* _Work instruction_
Return the data below exactly, minus the pictures.

* _Information supplied_

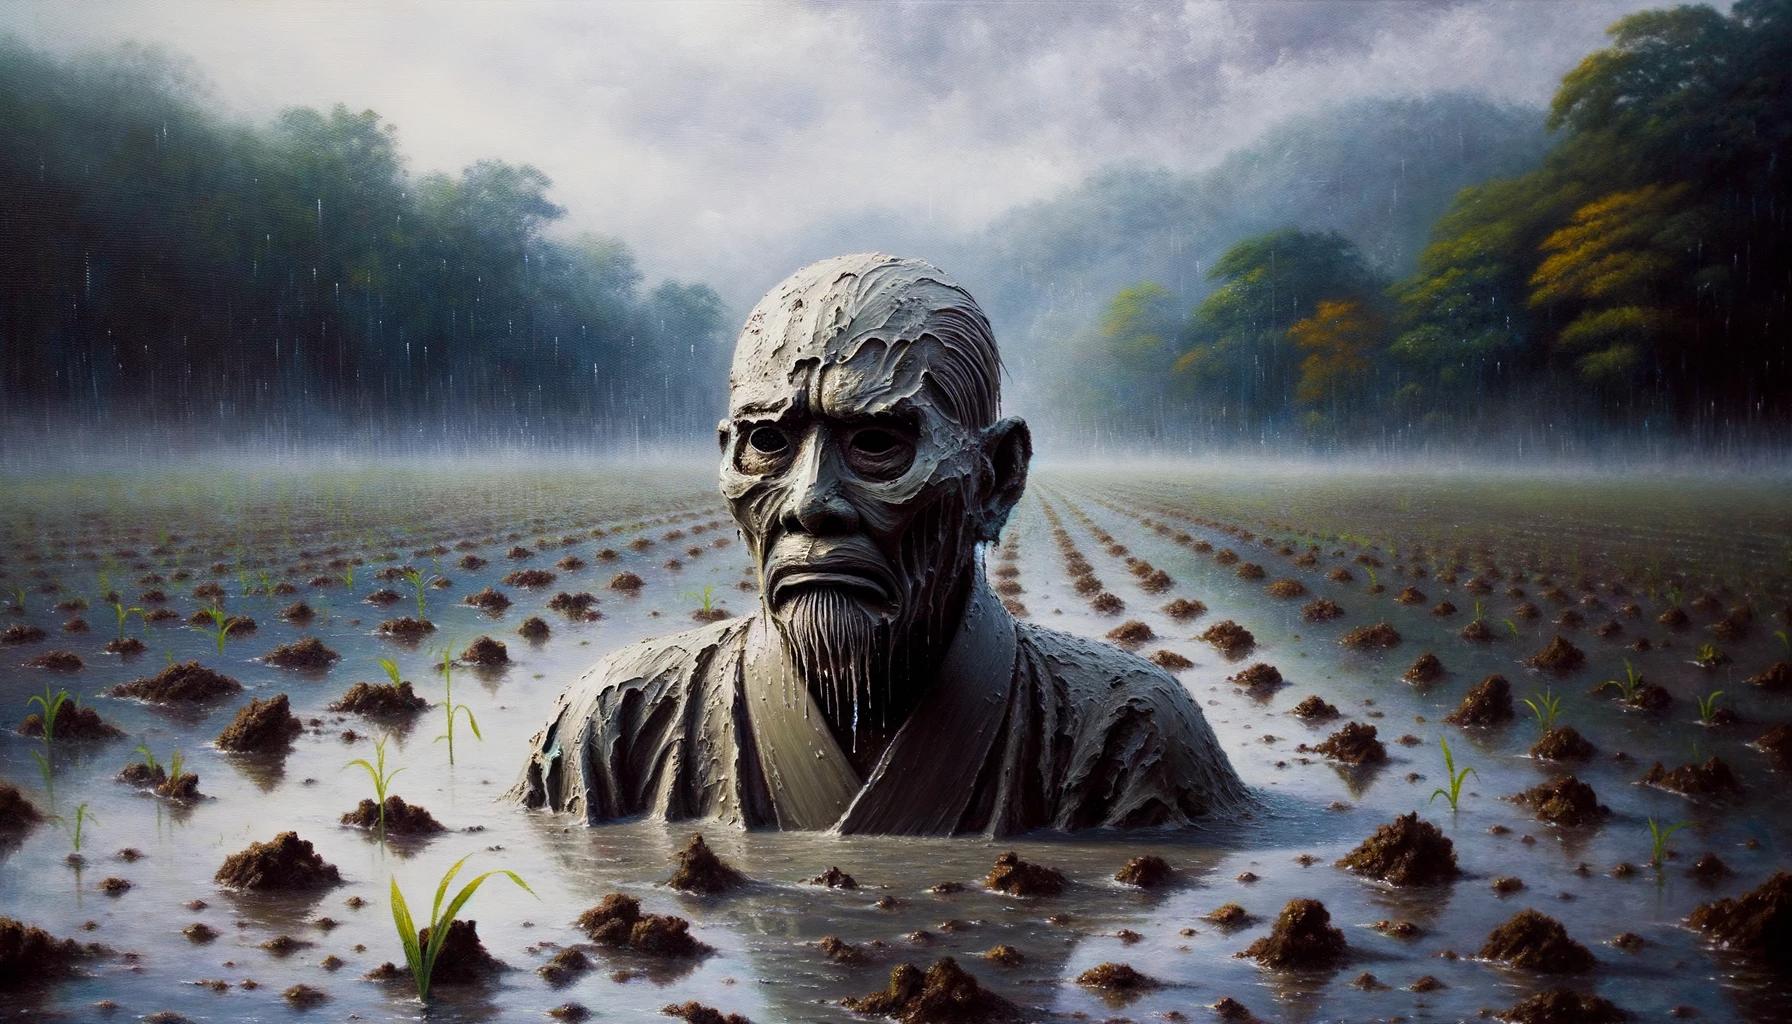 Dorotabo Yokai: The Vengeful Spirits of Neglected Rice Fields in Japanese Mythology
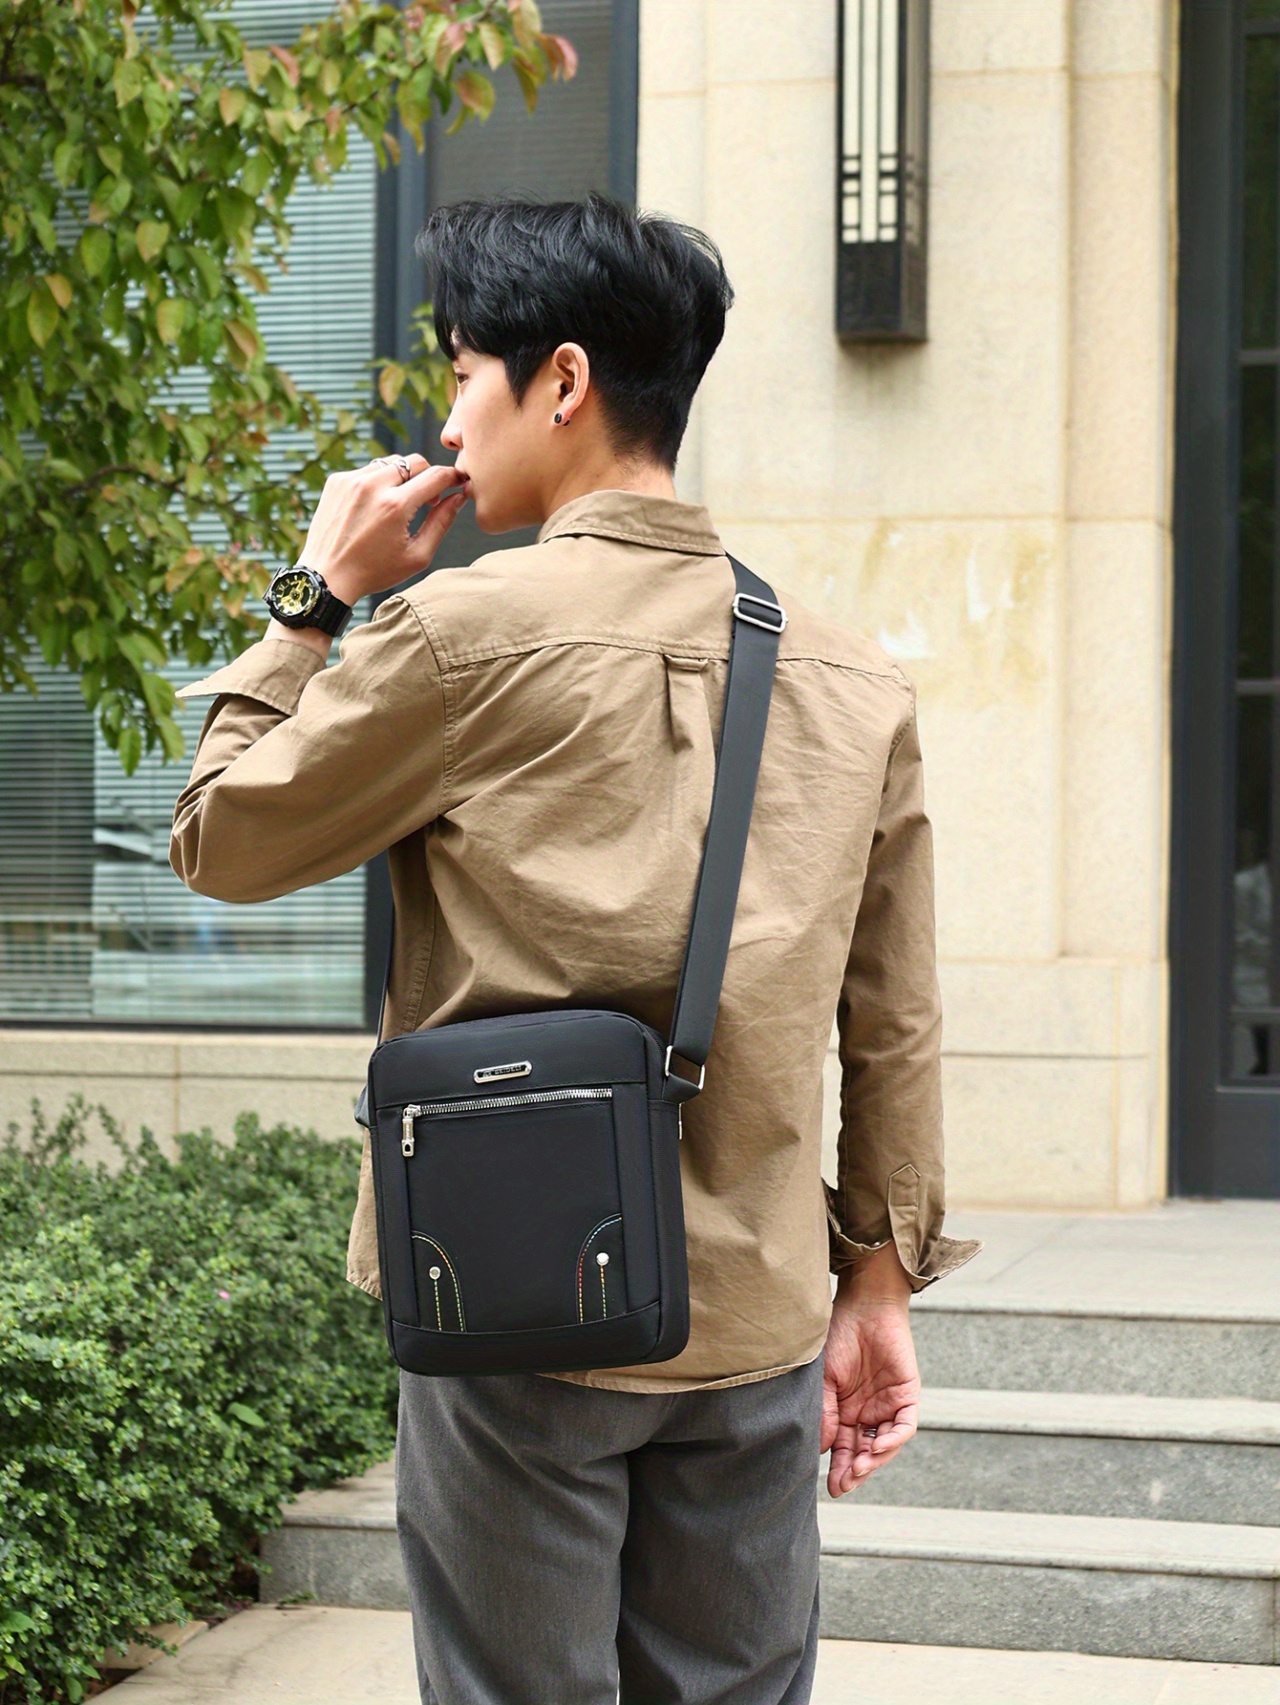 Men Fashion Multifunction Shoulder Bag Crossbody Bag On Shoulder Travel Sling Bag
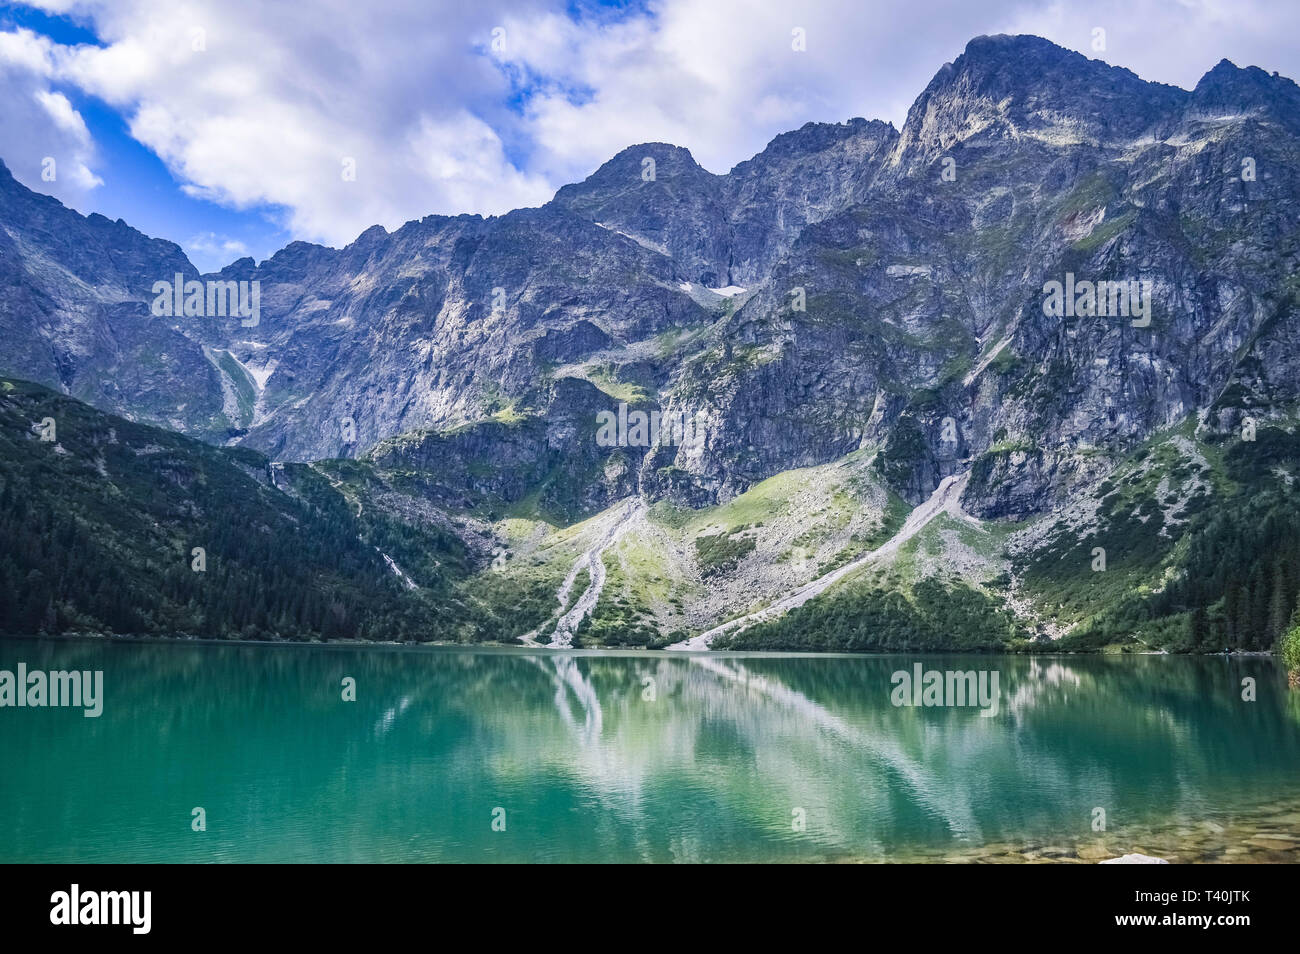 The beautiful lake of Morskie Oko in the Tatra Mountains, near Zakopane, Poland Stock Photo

* _Solution to this problem_
 Dorotabo Yokai: The Vengeful Spirits of Neglected Rice Fields in Japanese Mythology
 Men Fashion Multifunction Shoulder Bag Crossbody Bag On Shoulder Travel Sling Bag
 The beautiful lake of Morskie Oko in the Tatra Mountains, near Zakopane, Poland Stock Photo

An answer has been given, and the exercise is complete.